- - Tuesday, March 9, 2021

Will the United States defend Taiwan if China tries to reunify it with the mainland by force? 

That could be the key question that the Biden administration will face because Chinese leaders have made it clear that they will seek unification by force if necessary.

That crisis may not happen immediately because China is still busy digesting what is left of democracy in Hong Kong. Taiwan is still in the proverbial pecking order; it just has not been pecked yet.

If Mr. Biden decides to make a commitment to defend Taiwan, he must make some tricky moves at both the strategic and tactical levels. The sequencing of these decisions will be crucial to creating a successful deterrent to Chinese adventurism.

President Trump was close to clarifying the now ambiguous American post-Nixon position on the defense of what was once called Nationalist China, but the Biden administration has thus far been quiet on the issue. Despite its supposedly isolationist stance, the Trump administration worked hard to solidify the Quad Group’s (U.S., India, Australia and Japan) hardline stance on Chinese bullying in the Indo-Pacific region.

So far, Mr. Biden’s foreign policy team has not backed away from a commitment to resist Chinese adventurism; but a Biden doctrine on China has yet to be articulated.

Without clear allies, Taiwan cannot defend itself. The position of the United States is that Taiwan is a self-governing part of China. After Mao, many Americans hoped that a liberalized China and Taiwan would reunite. The rise of Mr. Xi and the demise of Hong Kong’s democracy ended all that.

This is complicated by the fact that native Formosans are outbreeding the offspring of the Nationalist Chinese survivors who fled the mainland in 1949. Many of the new Taiwanese want nothing to do with China. The current U.S. position seems to be to let the Taiwanese continue to be autonomous, but Mr. Xi obviously disagrees. 

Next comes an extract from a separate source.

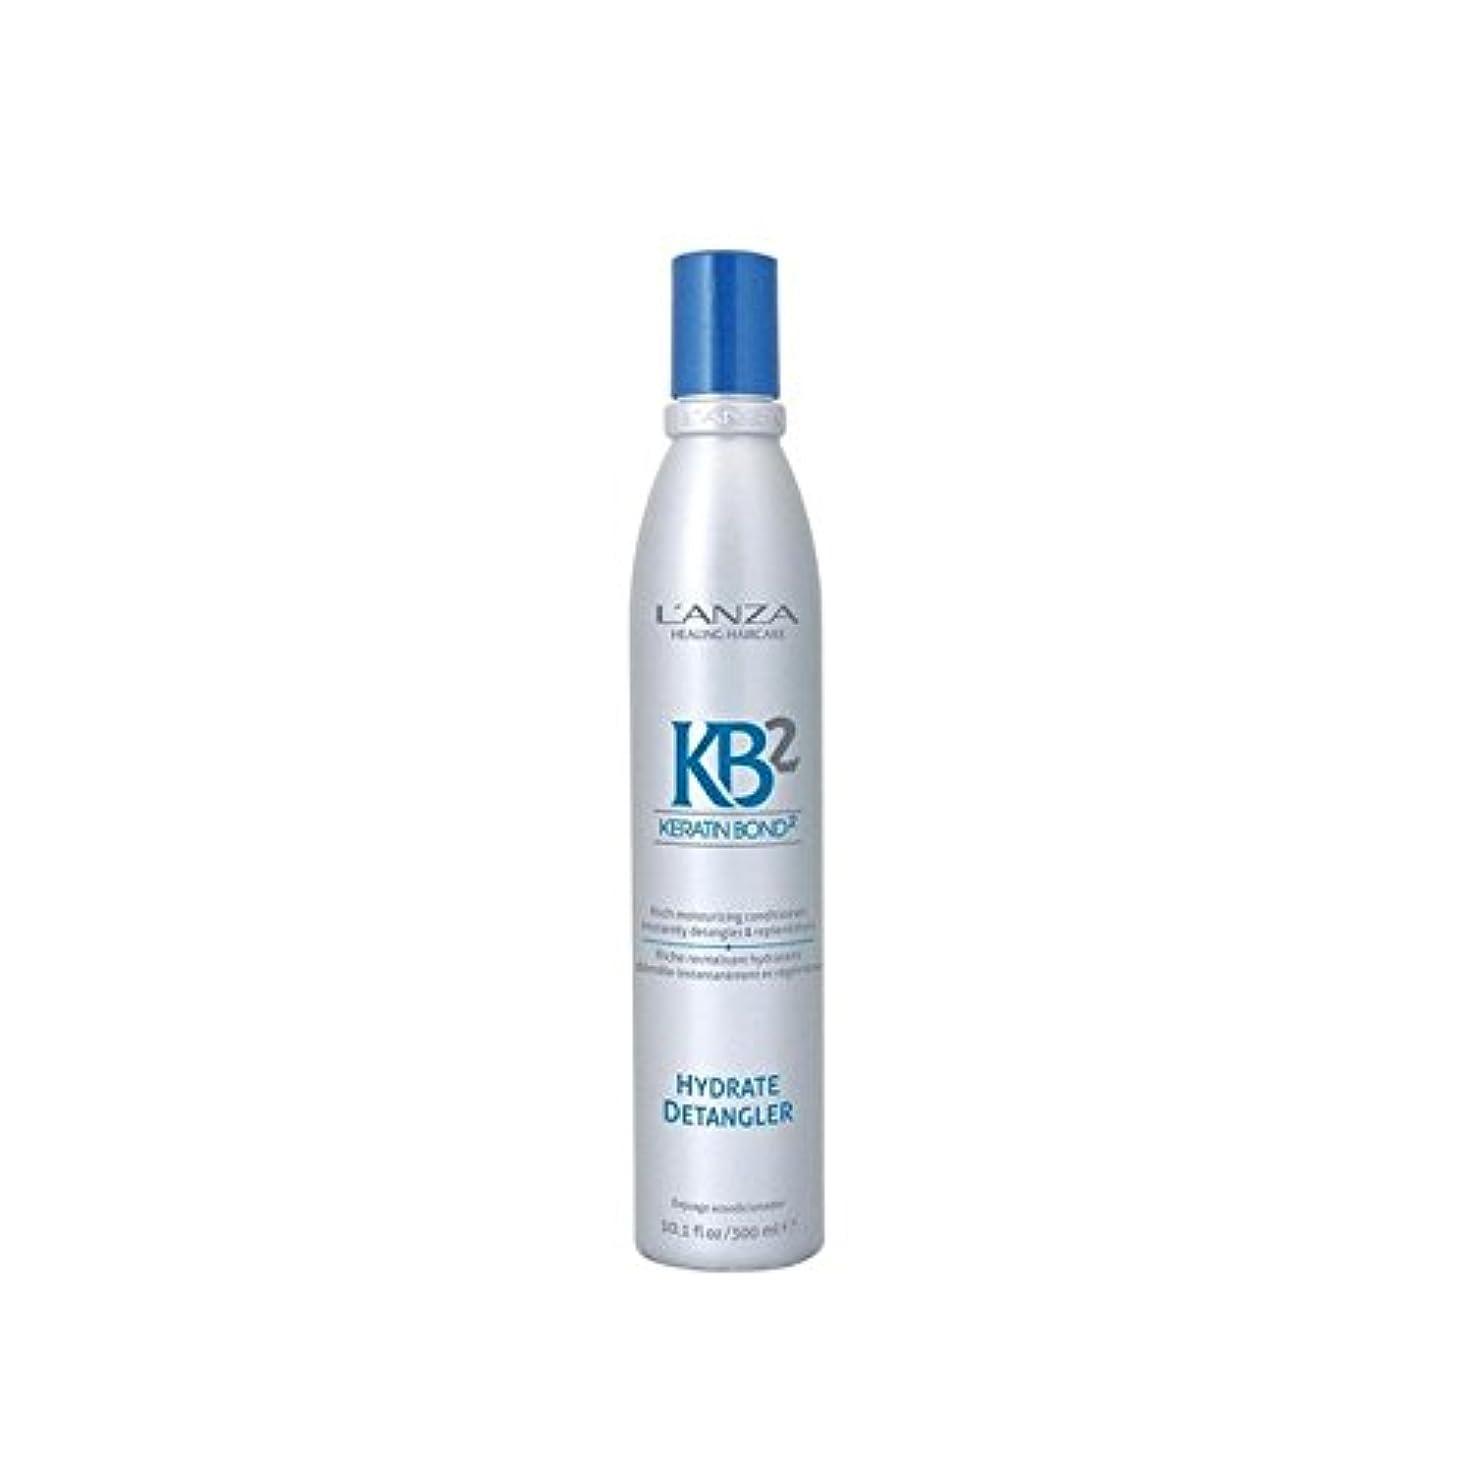 賞賛四面体変動するL'Anza Kb2 Hydrate Detangler (300ml) - アンザ2和物(300ミリリットル) [並行輸入品]

The United States and the other Quad nations will eventually need to decide if Taiwanese self- determination is a “go to war” issue. Just as important, we need to determine how that approach can be translated into a credible deterrent if adopted.

From a strategic perspective, the tactics come before the strategy. In 1939, France and Great Britain belatedly realized that Hitler was not going to stop having absorbed Austria and dismembered Czechoslovakia. Both nations gave Poland reassurances that they would go to war if it were to be invaded, but neither had the capability to back up those promises in a timely manner. France had deliberately dismantled its expeditionary capability and the British would take months to project power all the way to Poland. The Germans and the Russians knew this, and Poland ceased to exist in weeks.

If the Chinese can temporarily gain sea control around Taiwan, it is entirely possible that they will be able to overrun Taiwan before the U.S. or other Quad nations can intervene. The Chinese know this and have steadily built up an Anti-Access/Access-Denial (AA/AD) capability in the South China Sea that they would use to create an amphibious version of the blitzkrieg; amphibious warfare requires air and sea superiority.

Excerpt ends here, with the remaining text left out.